FOLEY — There is no heartwarming tale of Kitti Cooper's journey into farming.

No grandparent took her out into the garden for a lesson each summer. She didn't save the family farm from the auction block.

Rather, she taught herself how to grow food because she was hungry.

As a child, her family struggled on one income. They rarely had fresh fruits and vegetables.

"If I wanted tomatoes and peppers, I had to grow them," she said.

And she did.

Now, as the co-owner of the ever-expanding Cooper Farm with her husband, Chase Cooper, she not only feeds her three daughters but is committed to making sure everyone is able to feed their children, too.

"When you grow up without food, you have food PTSD. You fear not having food," she said. "The way I took control was learning to grow my own food and continually grow my own food.

"This is all about food accessibility."

That mantra has fed her children. It's become her therapy. It's become her income. Most importantly, it has become a way to pull an entire community forward.

Every week, she teaches classes in a tricked out former school bus the couple gutted and reimagined as a moving classroom.

There, she has hosted people of all ages and gardening skill levels. She teaches them how to grow, nourish and harvest fruits and vegetables in their own backyards — no farmland required.

She tells them how she started gardening in a one-bedroom apartment with her seedlings set up on the dining room table and moved up to a townhouse with a postage-stamp sized yard.

"You can grow a lot of stuff in a small amount of space," she said.

She tells them how at 19 she gave birth to her first daughter while still a college student and decided immediately that her daughter would not be hungry.

"We're not doing this again," she said she told herself. "We're going to grow our own food and never going to be without."

As she talks, her students take notes. They watch. They giggle at her stories. They learn.

Cooper emphasizes native plants over transplants. She explains how the red clay soil in Baldwin County is different than anything they may have worked with at points flung northward, a lesson she learned after spending two years growing in Birmingham.

"I learned a lot about how much different it is growing anywhere but Baldwin County," she said. "A lot of people who come to my classes just moved here from up North. The soil is black there.
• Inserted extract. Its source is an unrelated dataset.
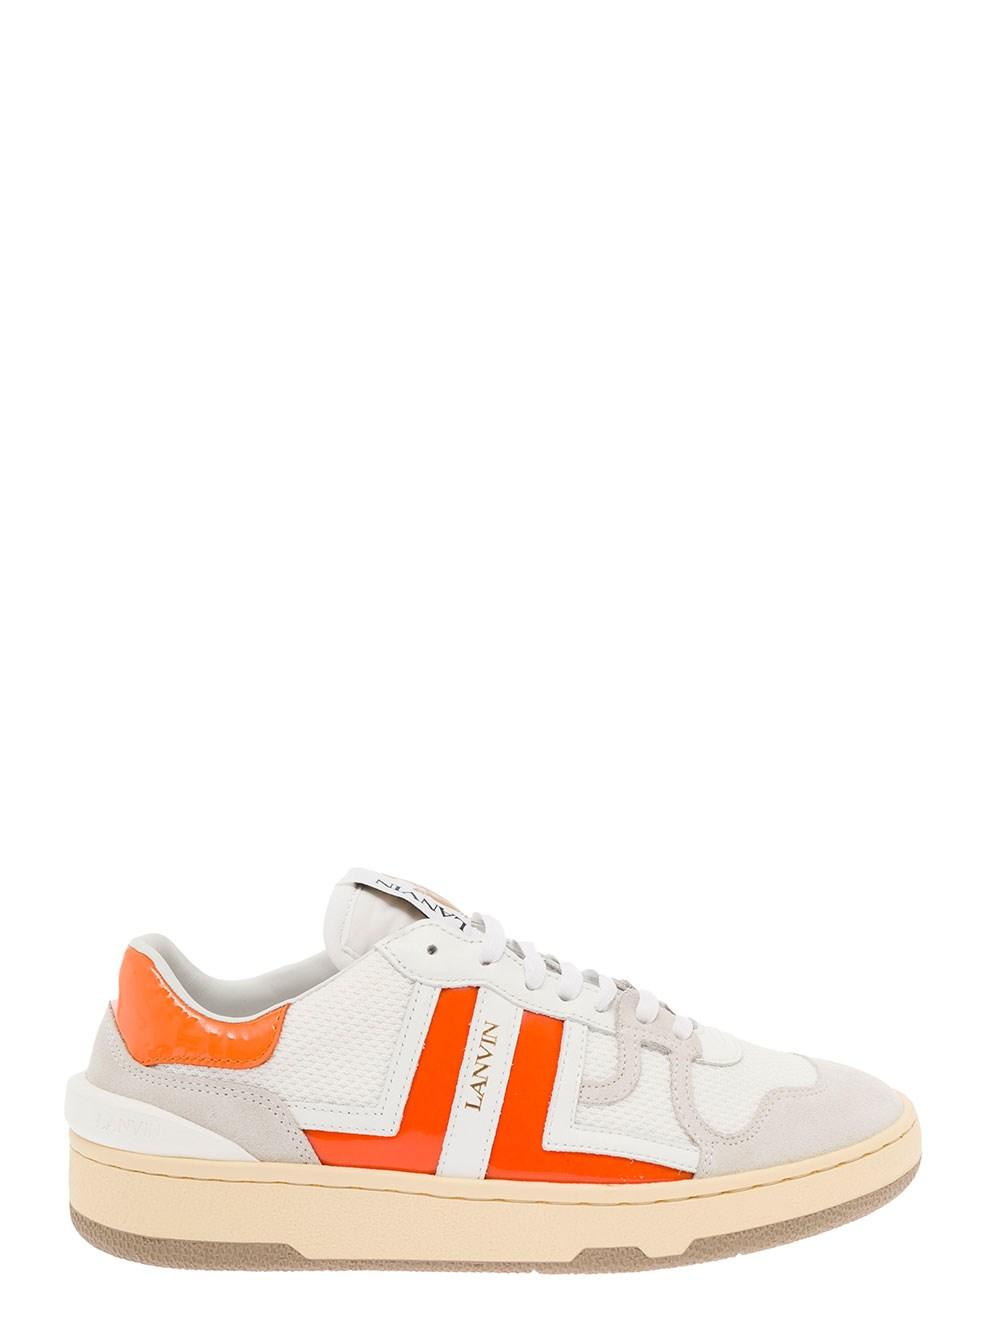 Skole lærer ankomst Pjece Lanvin Clay Low And Orange Leather And Mesh Sneaker in White | Lyst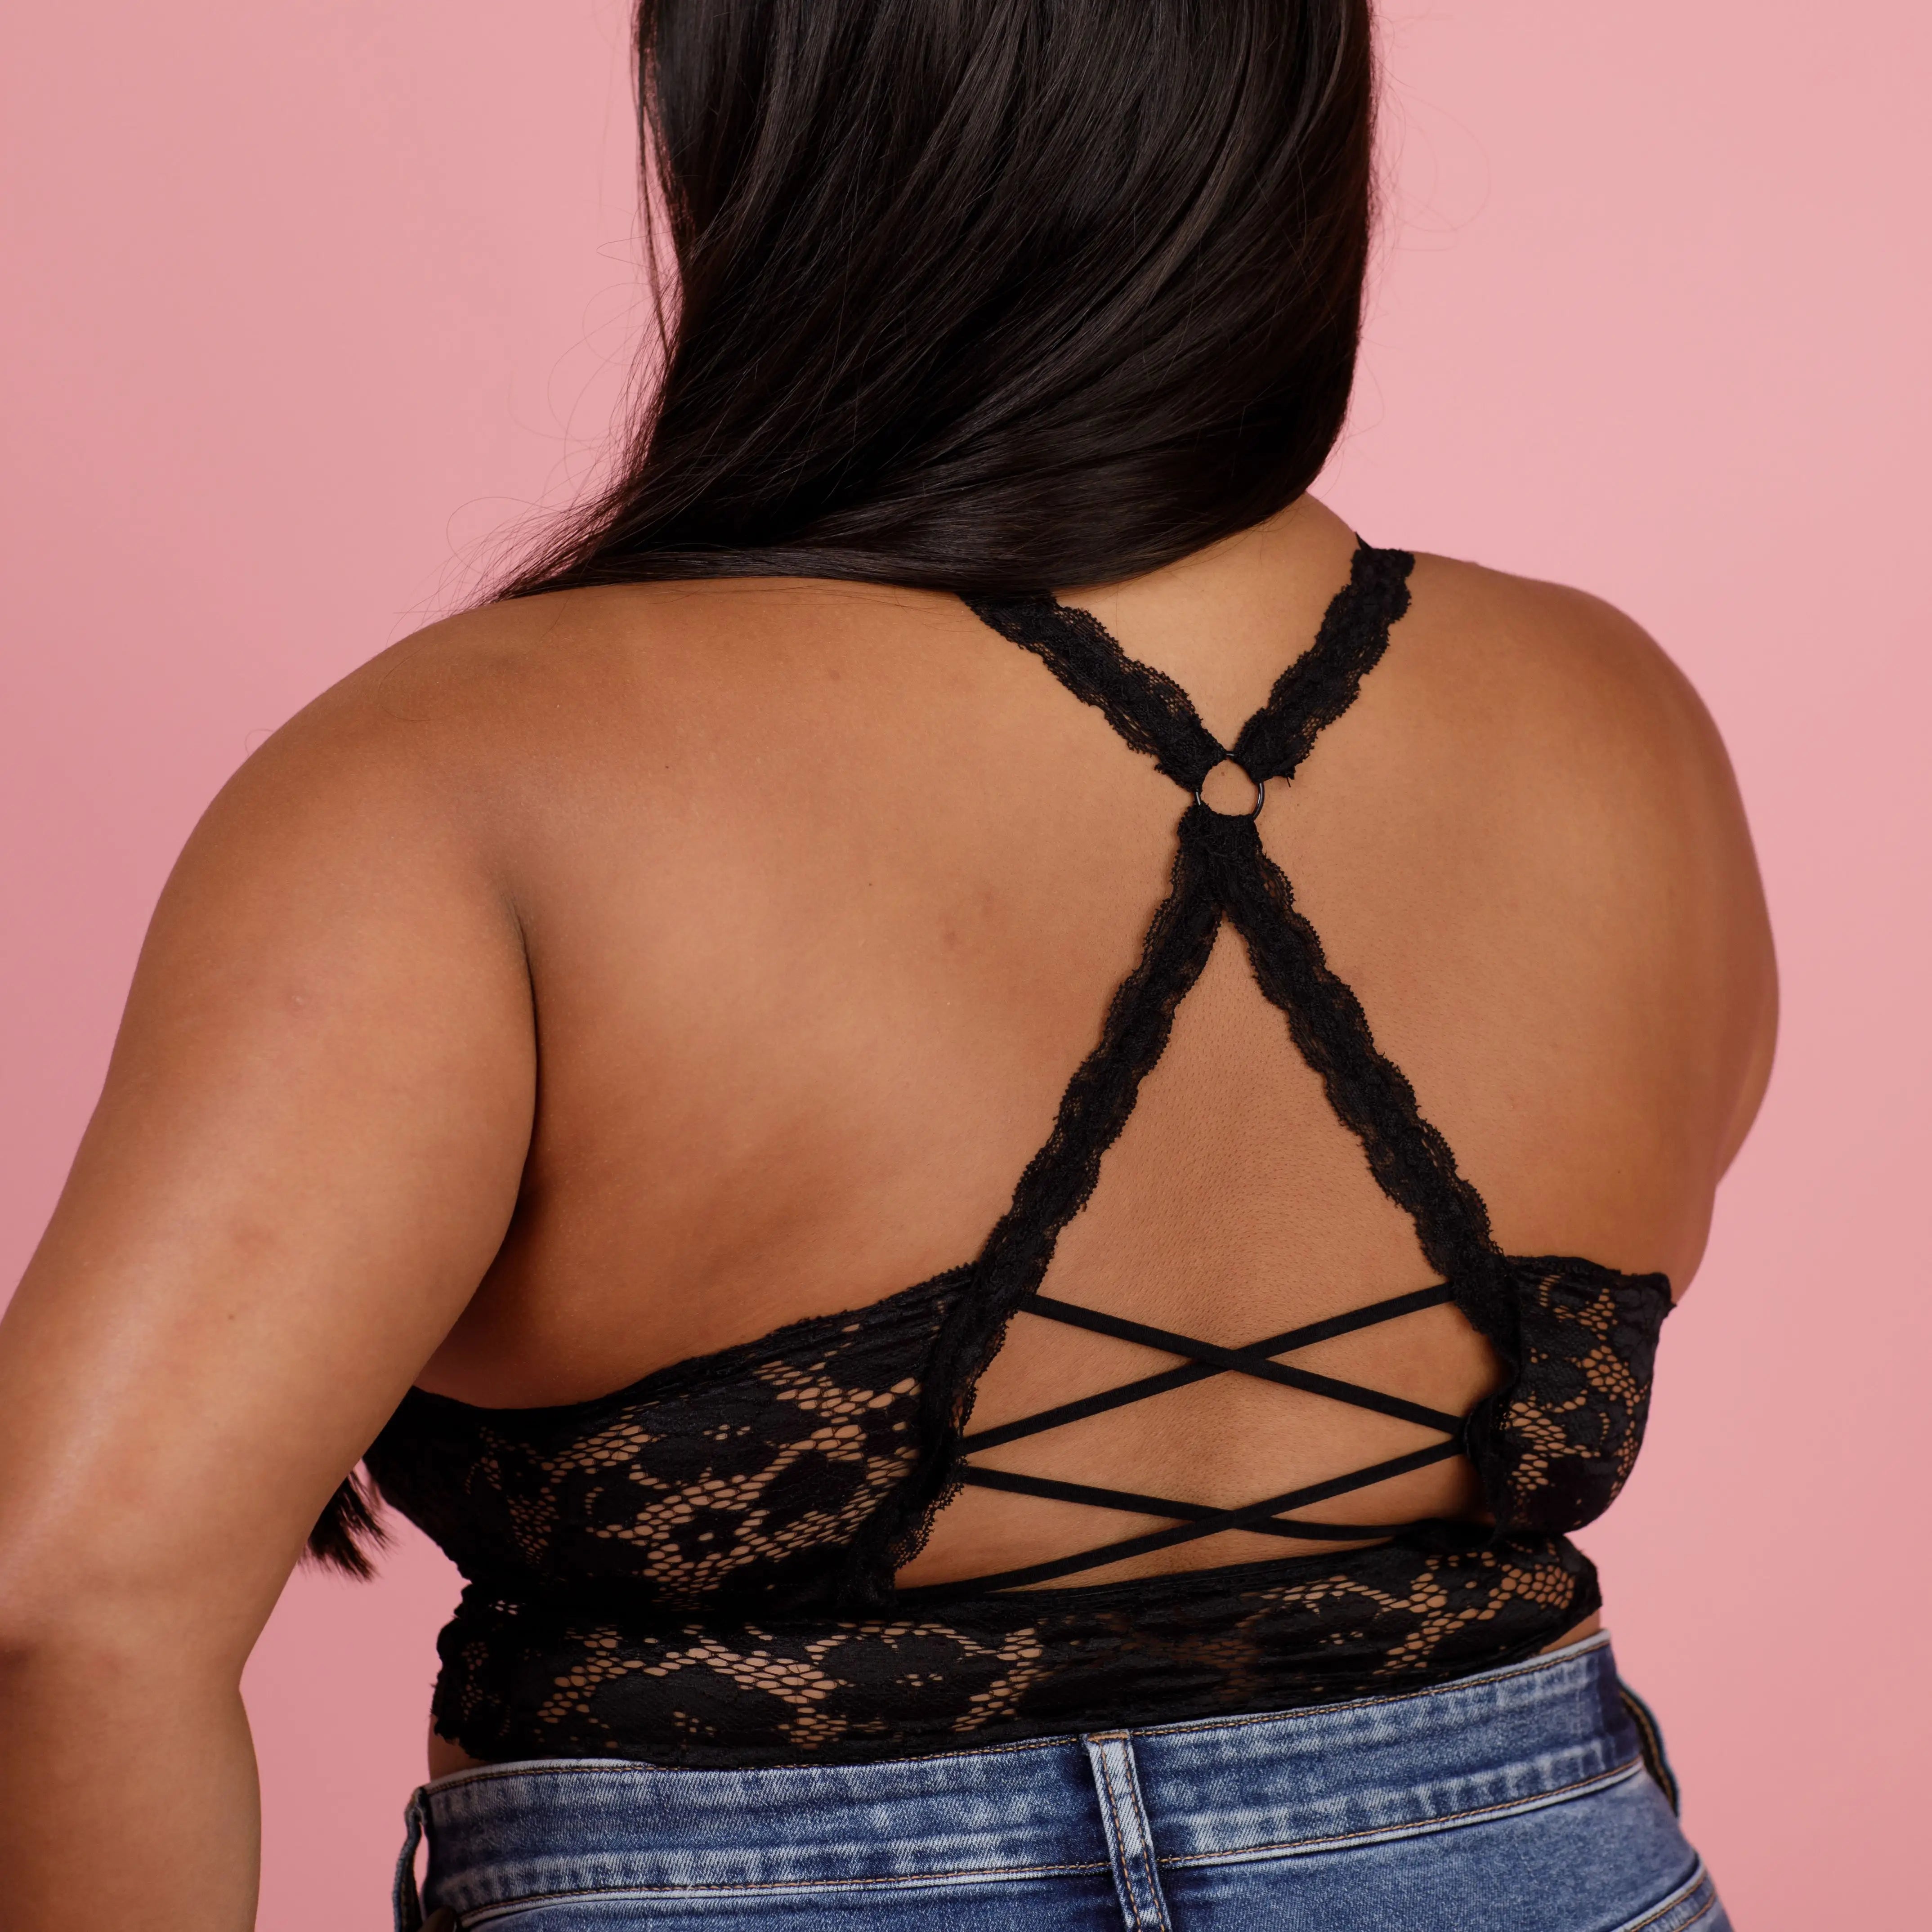 Juliette Deluxe Lace Bralette - Black - Angie's Strength & Style Boutique

You throw a seed over your shoulder and it's going to grow. Here it takes work."

She teaches her students about pesticides, the importance of pollinators, harvesting and preserving.

She begs them to look at their plants every single day.

"It's one of the biggest mistakes. You have to look at your garden every day to assess what it needs," she tells them.

And she assures them: she kills plants all the time, too.

In the audience are beginners and advanced gardeners. There are a lot of parents of young children. The draw is fueled in part, she said, by empty store shelves during the pandemic and the excitement generated by young farmers on social media platforms.

"The younger generation on places like Tik Tok are really starting to show the world how cool it is to homestead," she says. "I love this so much. People are so excited."

If the swiftness with which her classes sell out is any indication, people are excited. They gather at Cooper Farm on Saturdays, too, to peruse the plants and visit with the family's emus that eye visitors suspiciously from the fence line. Pro tip: rub the underside of the emu's neck to make a friend for life.

Each season, the farm has expanded. The emus have grown taller, and Cooper said her students have become more proficient.

"I want people to be able to grow their own food. It's a great hobby. It's therapeutic," she said.

It's also the key, she said, to making sure there is enough to go around.

The family has created the nonprofit Coopers' Table. Their goal is to visit low-income areas and teach basic vegetable growing and help build raised garden beds. They donate seed packets, instructions and citrus trees wherever they can.

"We want to get kids excited about growing their own food. That's how you crush poverty and crush the generational curse," she said.

If you rolled by Cooper Farm on Thanksgiving or Christmas Day, you would have seen their family gathered with a lot of other families. The bounty of their year flowed out onto the table, which they extended each time a new person arrived.

Cooper has also grown a South Alabama homesteading group just for women that is 3,000 members strong. They swap hints for butchering their own meat, convincing hens to lay and perfecting the timing of placing spring veggies in the dirt.

"I got really tired of men telling me how to do things," Cooper said of the group that is home to beginners and homesteading pros alike. "If you surround yourself with the kind of people you want to be, you learn."

For Cooper, that means in the dirt with her three growing girls and everyone who is willing to join them. Every day, all day.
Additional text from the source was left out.